On 12/15/21 5:30 PM, Vishal Verma wrote:
> 
> On 12/15/21 3:20 PM, Vishal Verma wrote:
>>
>> On 12/15/21 1:42 PM, Song Liu wrote:
>>> On Tue, Dec 14, 2021 at 10:09 PM Vishal Verma 
>>> <vverma@xxxxxxxxxxxxxxxx> wrote:
>>>> This adds nowait support to the RAID10 driver. Very similar to
>>>> raid1 driver changes. It makes RAID10 driver return with EAGAIN
>>>> for situations where it could wait for eg:
>>>>
>>>> - Waiting for the barrier,
>>>> - Too many pending I/Os to be queued,
>>>> - Reshape operation,
>>>> - Discard operation.
>>>>
>>>> wait_barrier() fn is modified to return bool to support error for
>>>> wait barriers. It returns true in case of wait or if wait is not
>>>> required and returns false if wait was required but not performed
>>>> to support nowait.
>>>>
>>>> Signed-off-by: Vishal Verma <vverma@xxxxxxxxxxxxxxxx>
>>>> ---
>>>>   drivers/md/raid10.c | 57 
>>>> +++++++++++++++++++++++++++++++++++----------
>>>>   1 file changed, 45 insertions(+), 12 deletions(-)
>>>>
>>>> diff --git a/drivers/md/raid10.c b/drivers/md/raid10.c
>>>> index dde98f65bd04..f6c73987e9ac 100644
>>>> --- a/drivers/md/raid10.c
>>>> +++ b/drivers/md/raid10.c
>>>> @@ -952,11 +952,18 @@ static void lower_barrier(struct r10conf *conf)

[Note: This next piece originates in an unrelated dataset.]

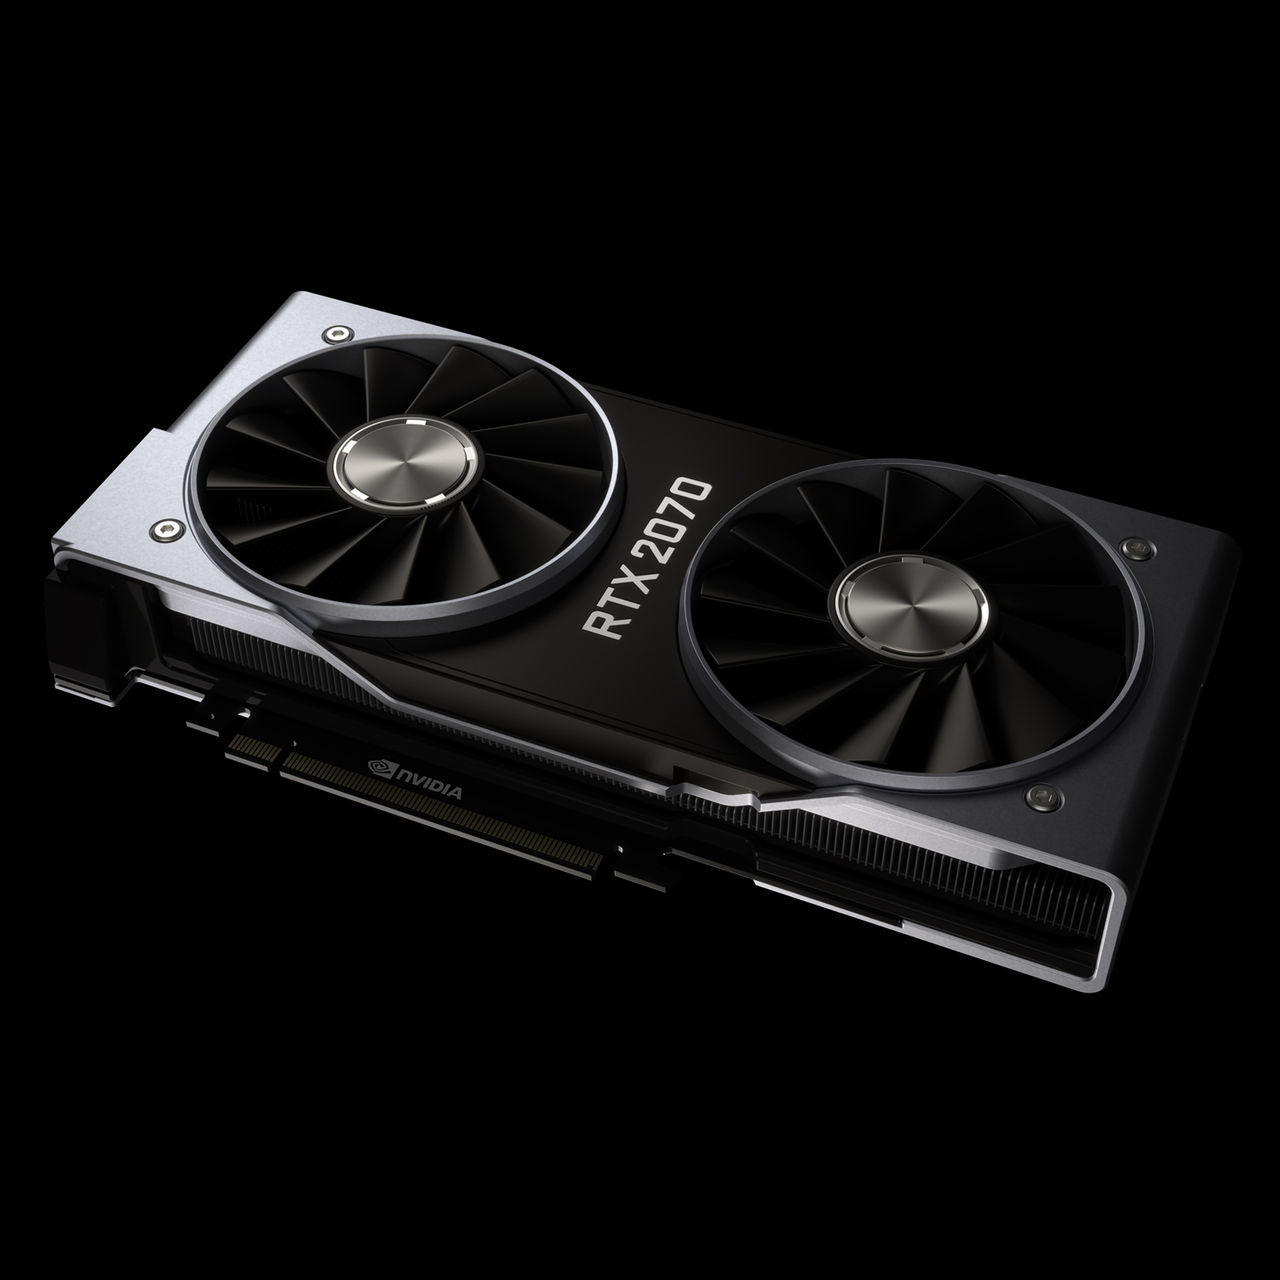 NVIDIA GeForce RTX 2070 ya es oficial y costará 639 euros
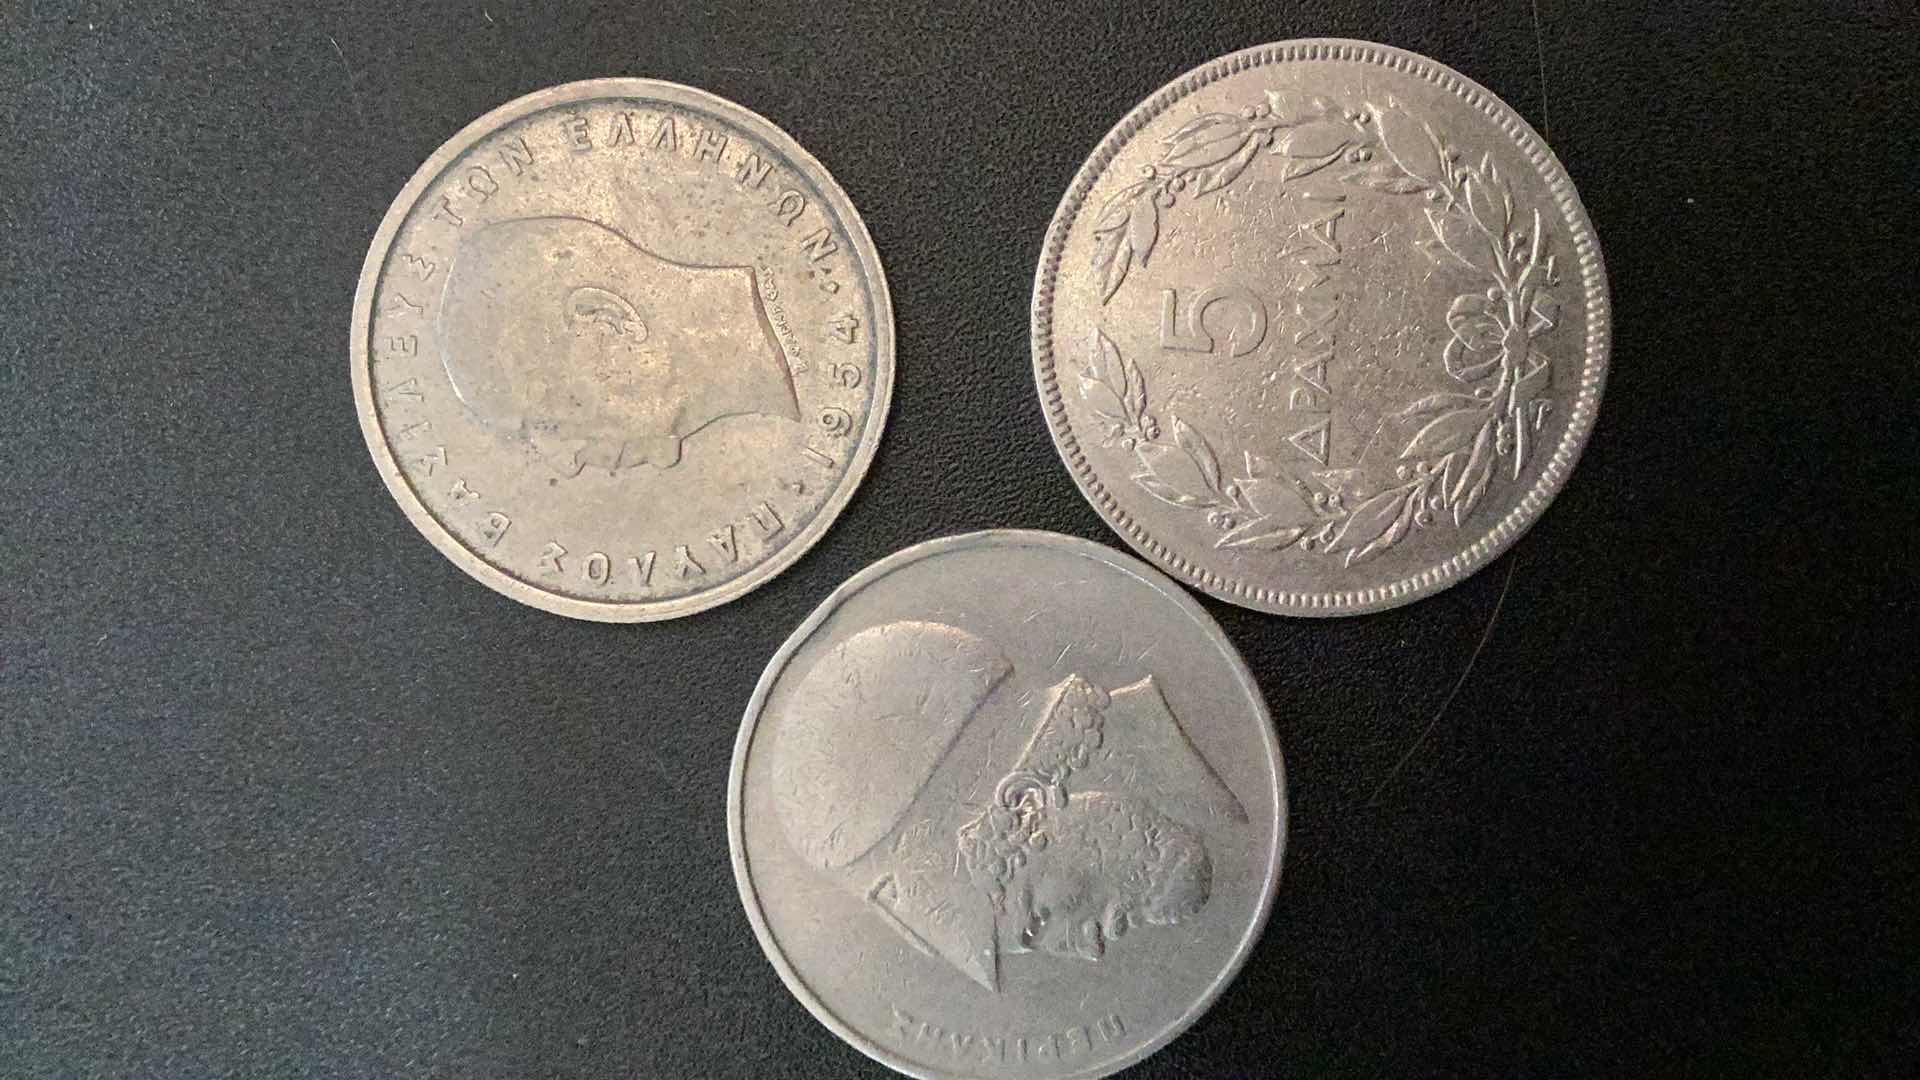 Photo 2 of 3 COLLECTIBLE COINS - GREECE 1930, 1954, 1976

>>>>          wake_up(&conf->wait_barrier);
>>>>   }
>>>>
>>>> -static void wait_barrier(struct r10conf *conf)
>>>> +static bool wait_barrier(struct r10conf *conf, bool nowait)
>>>>   {
>>>>          spin_lock_irq(&conf->resync_lock);
>>>>          if (conf->barrier) {
>>>>                  struct bio_list *bio_list = current->bio_list;
>>>> +
>>>> +               /* Return false when nowait flag is set */
>>>> +               if (nowait) {
>>>> + spin_unlock_irq(&conf->resync_lock);
>>>> +                       return false;
>>>> +               }
>>>> +
>>>>                  conf->nr_waiting++;
>>>>                  /* Wait for the barrier to drop.
>>>>                   * However if there are already pending
>>>> @@ -988,6 +995,7 @@ static void wait_barrier(struct r10conf *conf)
>>>>          }
>>>>          atomic_inc(&conf->nr_pending);
>>>>          spin_unlock_irq(&conf->resync_lock);
>>>> +       return true;
>>>>   }
>>>>
>>>>   static void allow_barrier(struct r10conf *conf)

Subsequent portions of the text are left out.